RMB short-term deposit depreciation pressure
In view of the widening inversion of the interest rate differential between China and the United States, the strengthening of the US dollar, and loose domestic liquidity, the RMB is under short-term pressure.

Wu Zhaoyin, director of macro strategy at AVIC Trust , previously told reporters that judging from indicators such as global inflation and the economic situation of major economies, the upward trend of the U.S. dollar has not ended. Corresponding asset prices, including stocks, commodities, and the RMB exchange rate, are under pressure.
HSBC has raised its USD/CNY forecast and now sees USD/CNY reaching 6.9 by the end of 2022 and 6.95 by mid-2023. The agency said, "Recently, USD/CNY has broken through the much-anticipated 6.8 mark. We believe this means that USD/CNY will be in a new higher range for the rest of this year and the first half of next year, such as 6.75~7.00."
However, HSBC also believes that stable yield differentials and fairer valuations indicate that this round of RMB depreciation will be milder than in the second quarter. China's economic growth is still expected to gradually recover in the second half of 2022, and as active fiscal stimulus and prudent monetary easing take effect, the economy is unlikely to contract sharply again as it did in the second quarter.
Barclays told reporters that the trend of the yuan depends on changes in exports. It is currently expected that USD/CNY will be at 6.9 in the third quarter and may return to 6.8 by the end of the year.

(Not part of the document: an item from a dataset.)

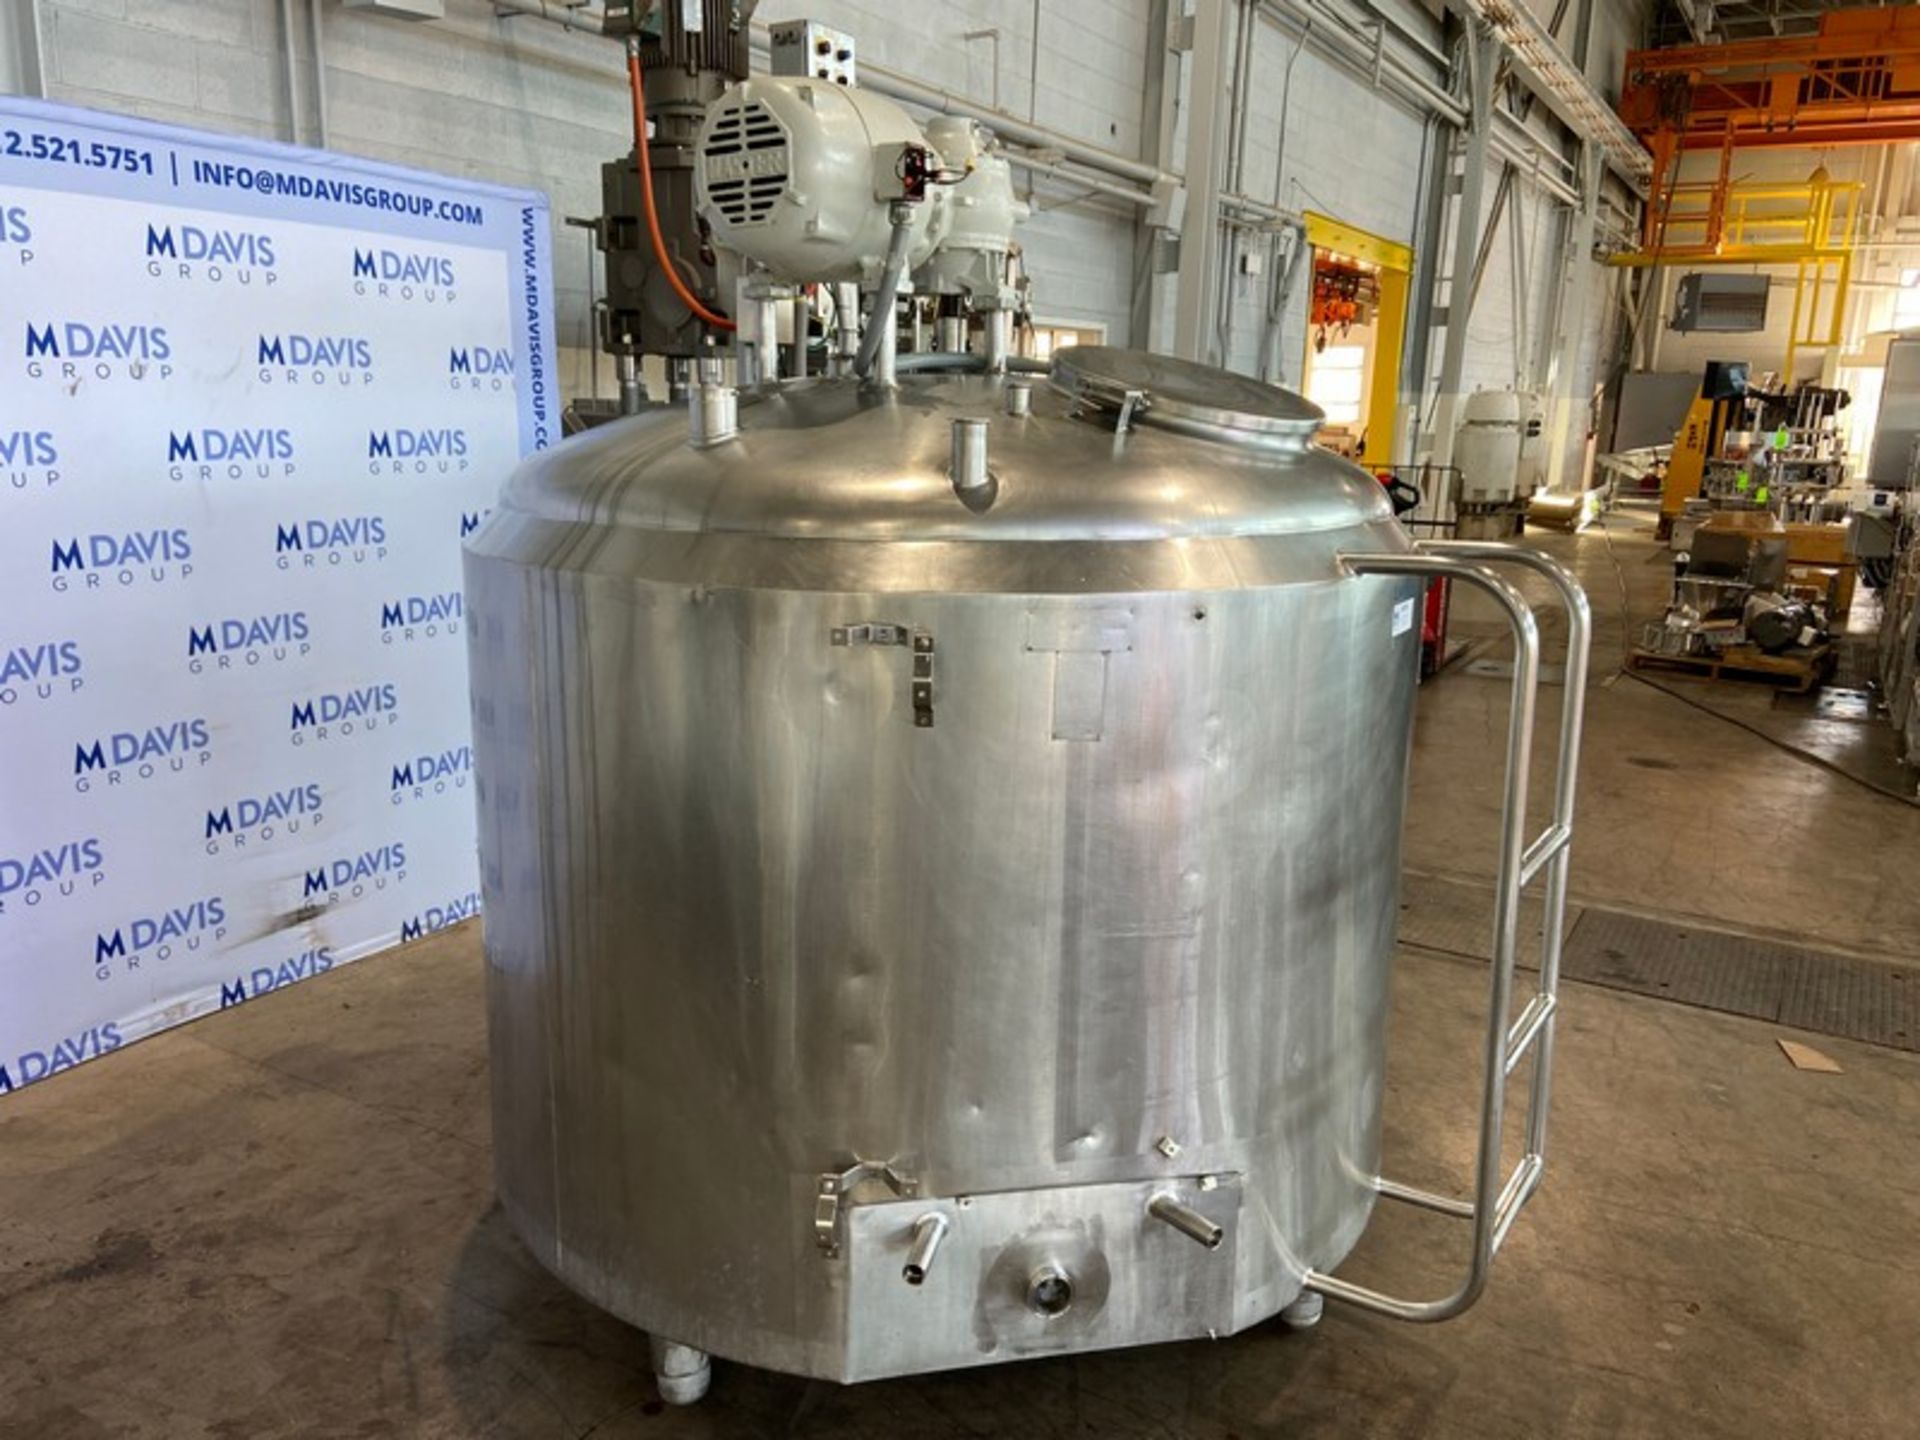 Cherry-Burrell S/S Batch Processor,-M/N FPDA, S/N 500-66-1381, with Top Mounted Agitation Motor, - Image 3 of 12

data shows that China's trade surplus reached US$78.75 billion in May, US$97.9 billion in June, and US$101.3 billion in July. This is the first time on record that my country's monthly surplus has exceeded US$100 billion, and continues to exceed US$100 billion. expected.
Xie Yunliang, chief macro analyst of Cinda Securities , told reporters that the future trade situation will still be the key to guiding the direction of the renminbi. In this regard, two factors are crucial, one is changes in price factors, and the other is changes in overseas demand. Over the past period of time, overseas price increases have also pushed up China's exports.